One last example: a crucial document for historians of this case is the September 1, 1945 interview of Iva by Clark Lee. In this multi-page interview, Iva purportedly made any number of claims that are demonstrably false. The choice for biographers is stark. Either Lee invented these statements and put them in Iva's mouth, or Iva lied when she denied making the statements. Defenders of Iva believe the former. I reluctantly came to the conclusion that Iva strayed from the truth in order to become Tokyo Rose. She indirectly admitted as much to me when she said that to collect the money being offered for an exclusive interview with Tokyo Rose, all she had to do was tell a "cock and bull" story to the reporters. This analysis led me to believe that Lee had simply typed as Iva talked, that he may have gotten some detail wrong but he had invented nothing. This in turn led me to believe that Iva's admission to Lee during this interview that she had broadcast the taunt for which she was convicted was very likely true. I suspect I am the first person since the trial jurors to come to this conclusion. For my reasoning, see
TR/AP, pp. 424-430.

In addition to considerably revising earlier accounts, I considered it important to place the events of this famous case in their legal and political contexts. The FBI grilled Iva Toguri for two days and coerced a statement from her without providing her with legal counsel, which was not a problem at the time. The defense couldn't call as a witness a man who admitted he lied under oath to the Grand Jury to help the prosecution obtain an indictment. I explain the reason why the defense could not in
TR/AP, p. 323-24. American law made the defense of duress impossible (TR/AP, pp. 440-41), and the prosecution was not required to turn over to the defense the mountains of exculpatory evidence it developed. I also incorporated historical information on life in Imperial Japan, U.S. and Japanese racial views, military strategy, radio propaganda, and Cold War political developments. One cannot make sense of the successful prosecution of Iva Toguri for treason unless one is aware of the conditions that prevailed in 1949 America: the loss of atomic secrets to spies, the fixation on ferreting out communists, the demand for loyalty oaths, voters' view of Truman as soft on traitors, and the uphill battle Truman had to wage to be elected president.

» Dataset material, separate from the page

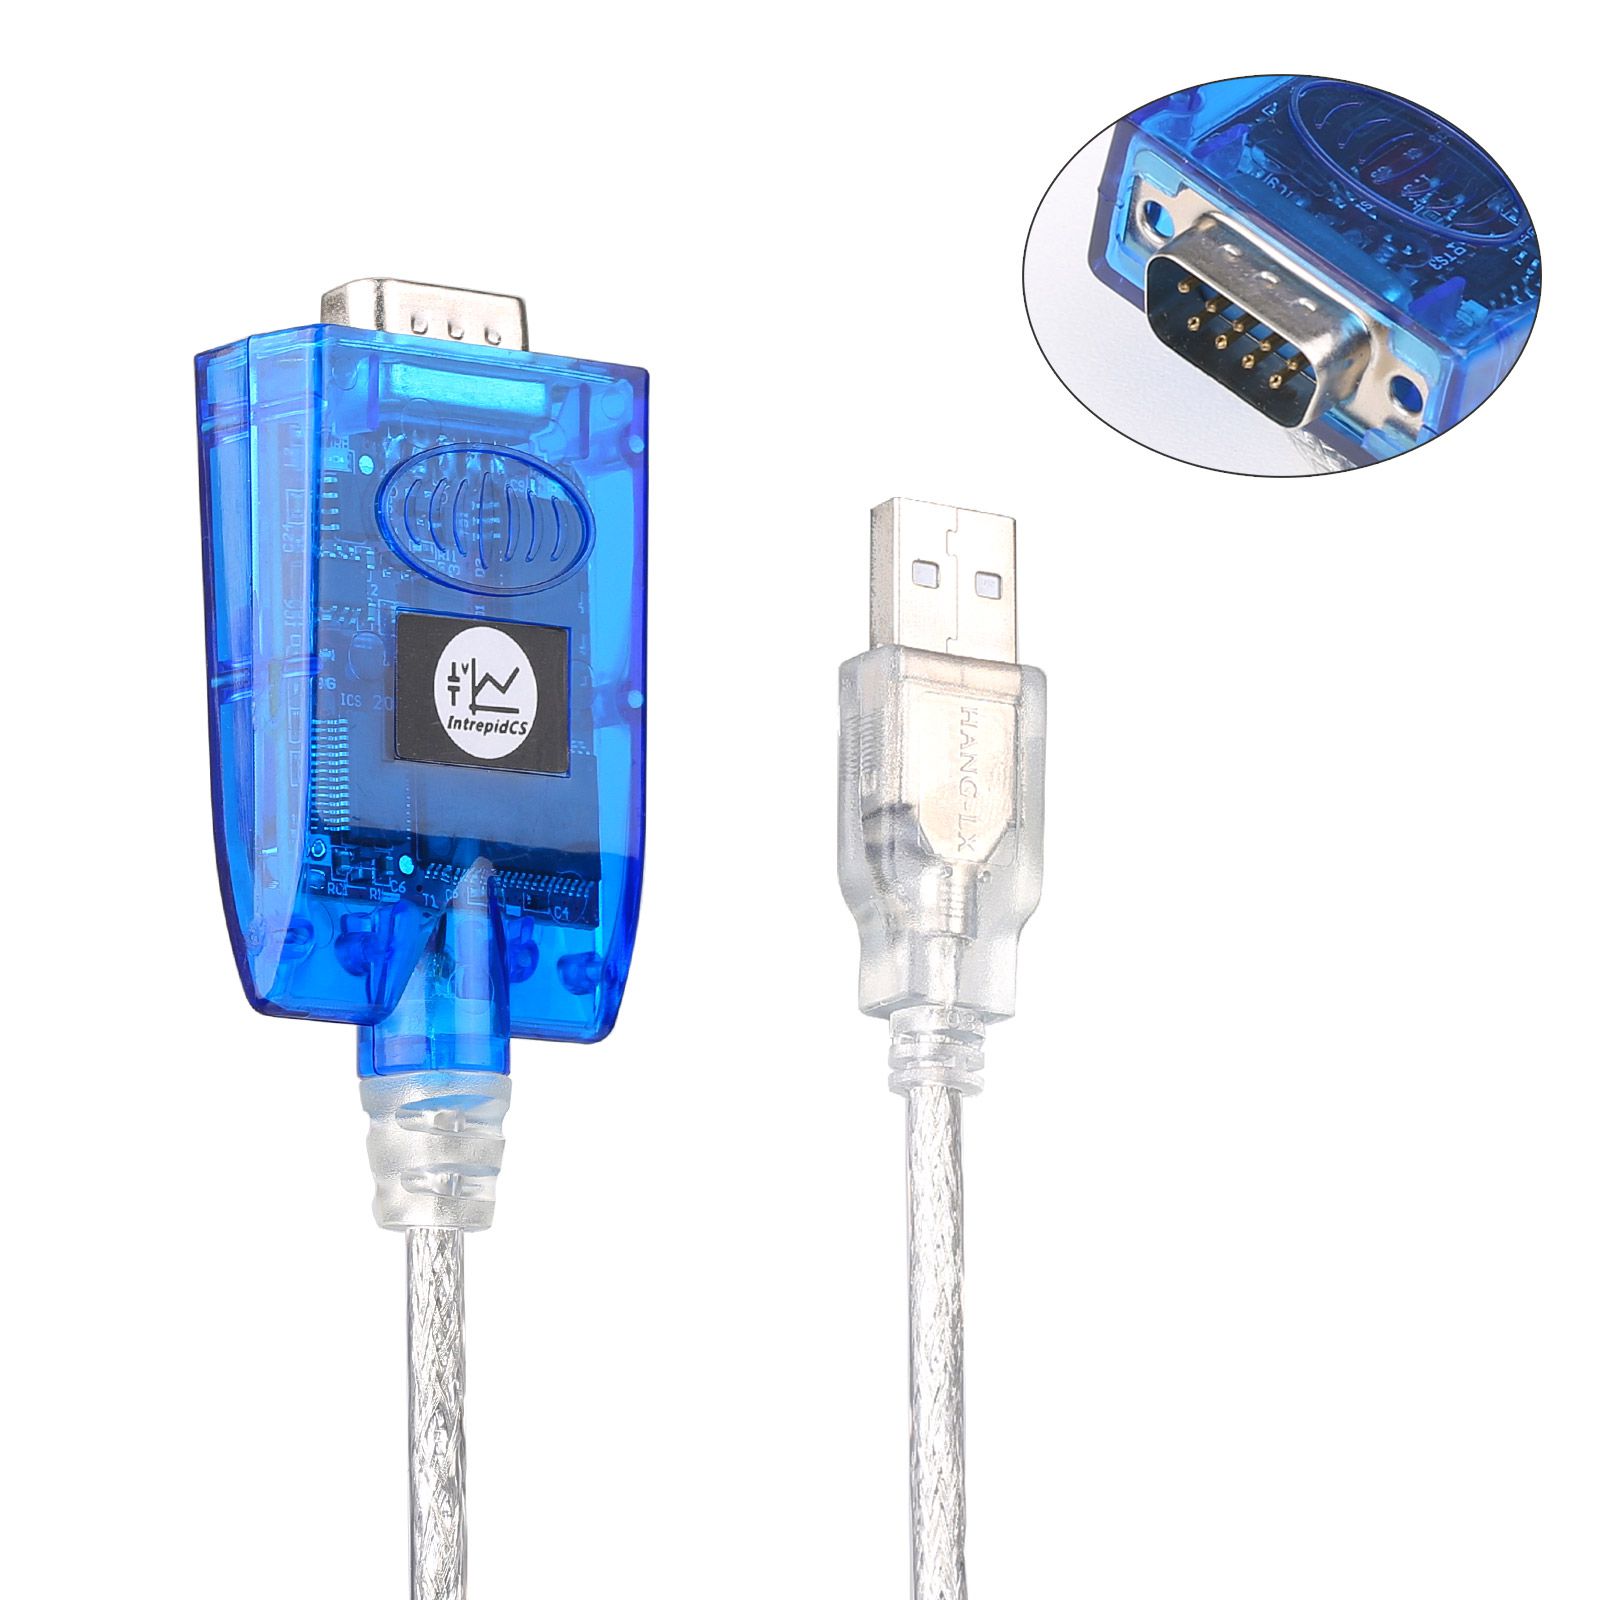 El dispositivo de prueba de la red can del automóvil USB V - can3 está conectado a la red can de alimentación automática de PC y usb.

Finally I realized that the biographies of Iva Toguri and Tokyo Rose were both completely different and inextricably intertwined. Iva Toguri lived her life as a real person, but Tokyo Rose lived an equally vital, if fictional, life as well. At trial, jurors found Tokyo Rose guilty of treason but Iva Toguri sat in the defendant's chair. As I struggled with how to approach these two parallel "lives," my study of classical Greek and Roman philosophy suddenly came back to me. I remembered Plutarch and recalled that he had written biographies of real people and legendary myths. His
Parallel Lives seemed a perfect model, which is why I structured Tokyo Rose / An American Patriot as a dual biography.
Today I am hard at work on my next writing project, a book written in the form of a manual for young adults on how to become a good person. The work is tentatively titled Hidden Soul Beneath: A Navigational Guide to Ethics and the Good Life.